## Requirement:
In the records below, begin at the line that has "Logitech Wireless Mouse" and stop after the line that has "картинка бутерброд с листьями салата"; quote those lines verbatim and nothing more.

## Information supplied:
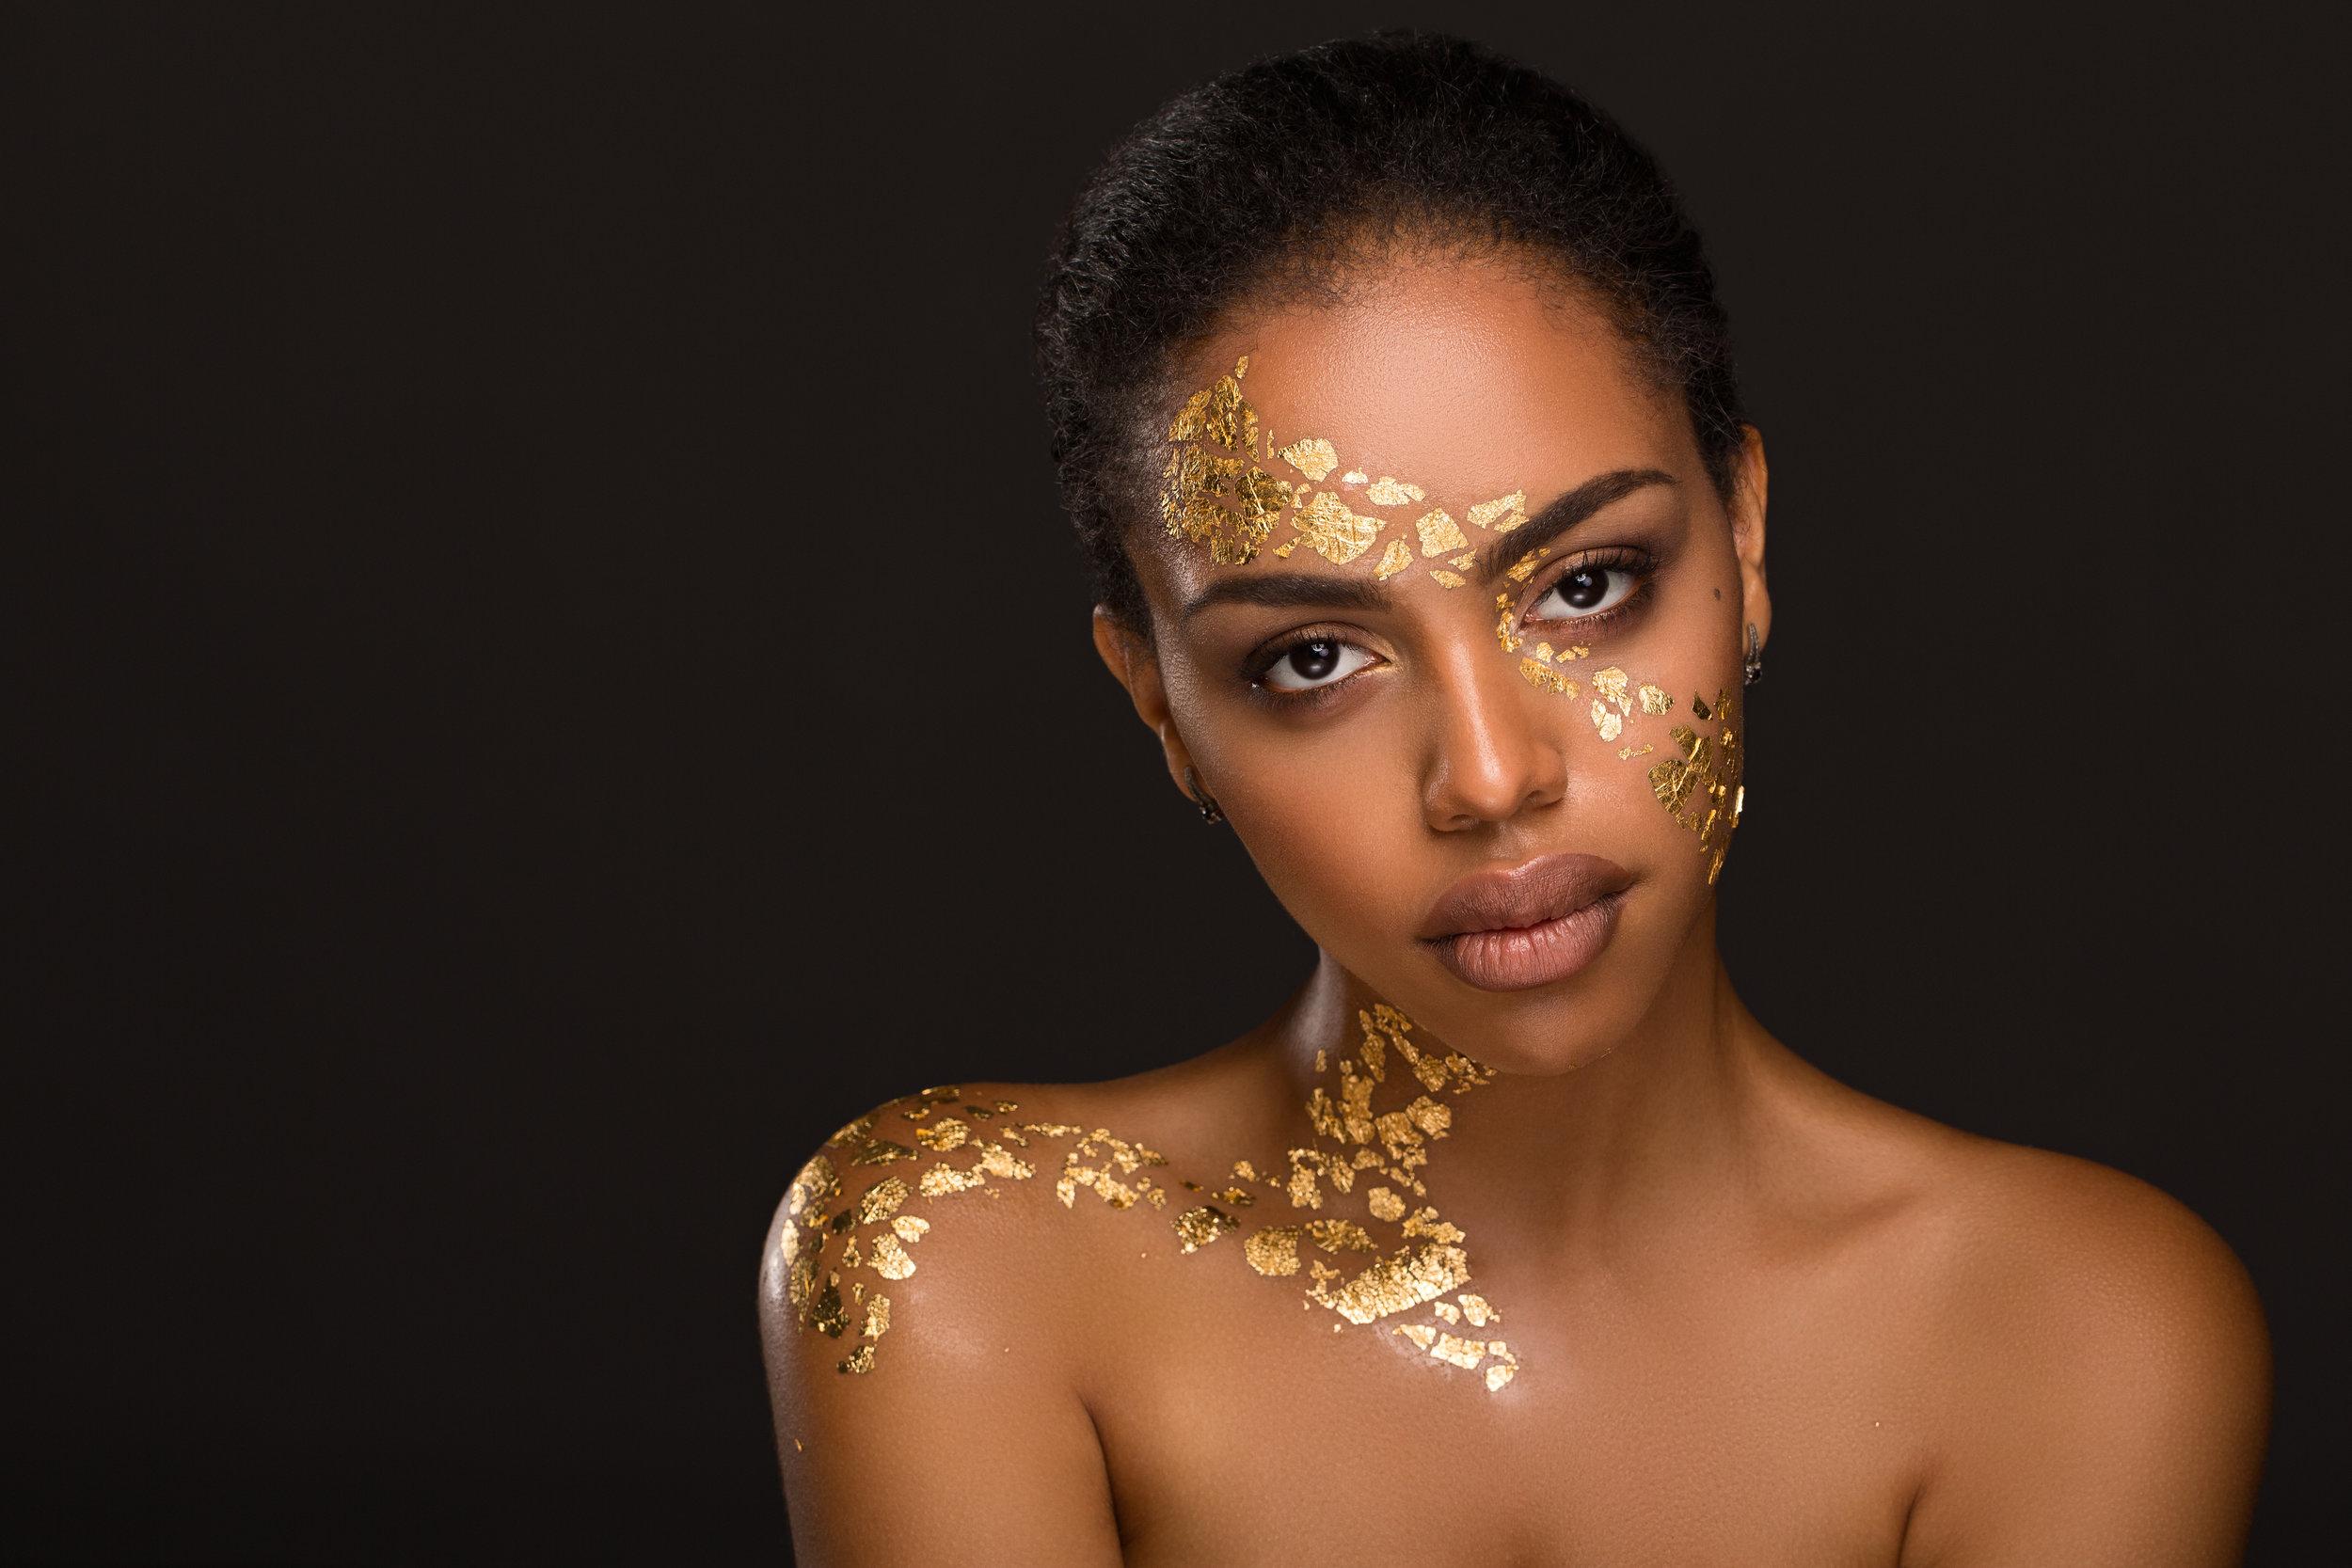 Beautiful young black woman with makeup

* * *

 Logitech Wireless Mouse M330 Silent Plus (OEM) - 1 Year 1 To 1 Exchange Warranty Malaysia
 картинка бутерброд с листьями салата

---

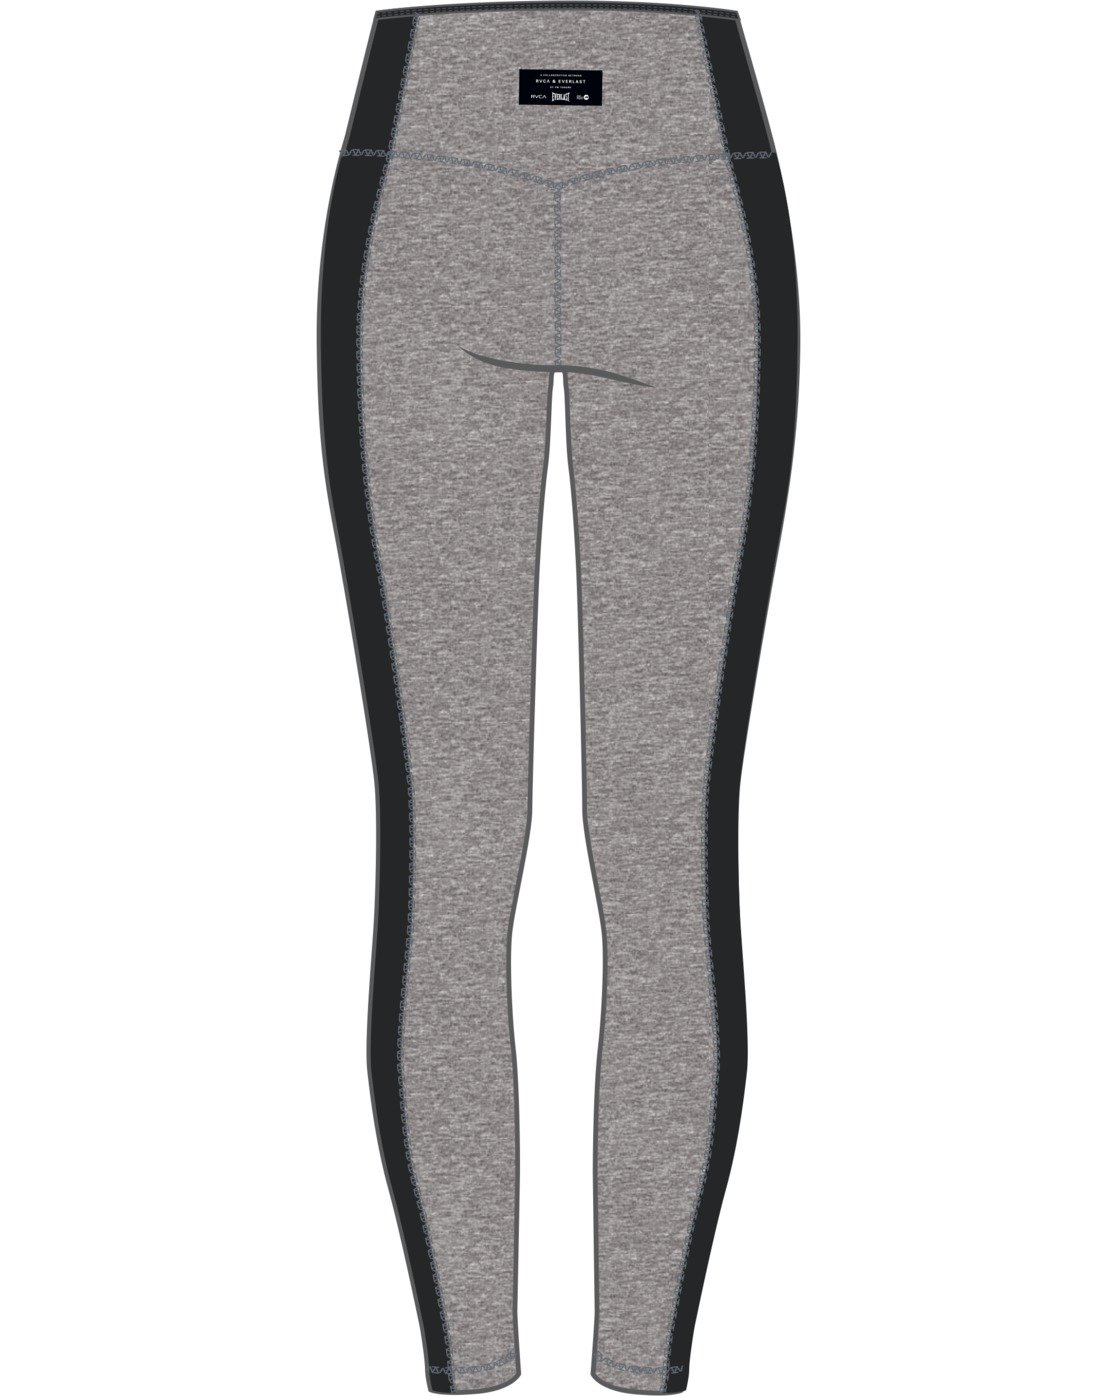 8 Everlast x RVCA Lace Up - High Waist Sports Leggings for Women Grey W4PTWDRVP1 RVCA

## Output for this task:
 Logitech Wireless Mouse M330 Silent Plus (OEM) - 1 Year 1 To 1 Exchange Warranty Malaysia
 картинка бутерброд с листьями салата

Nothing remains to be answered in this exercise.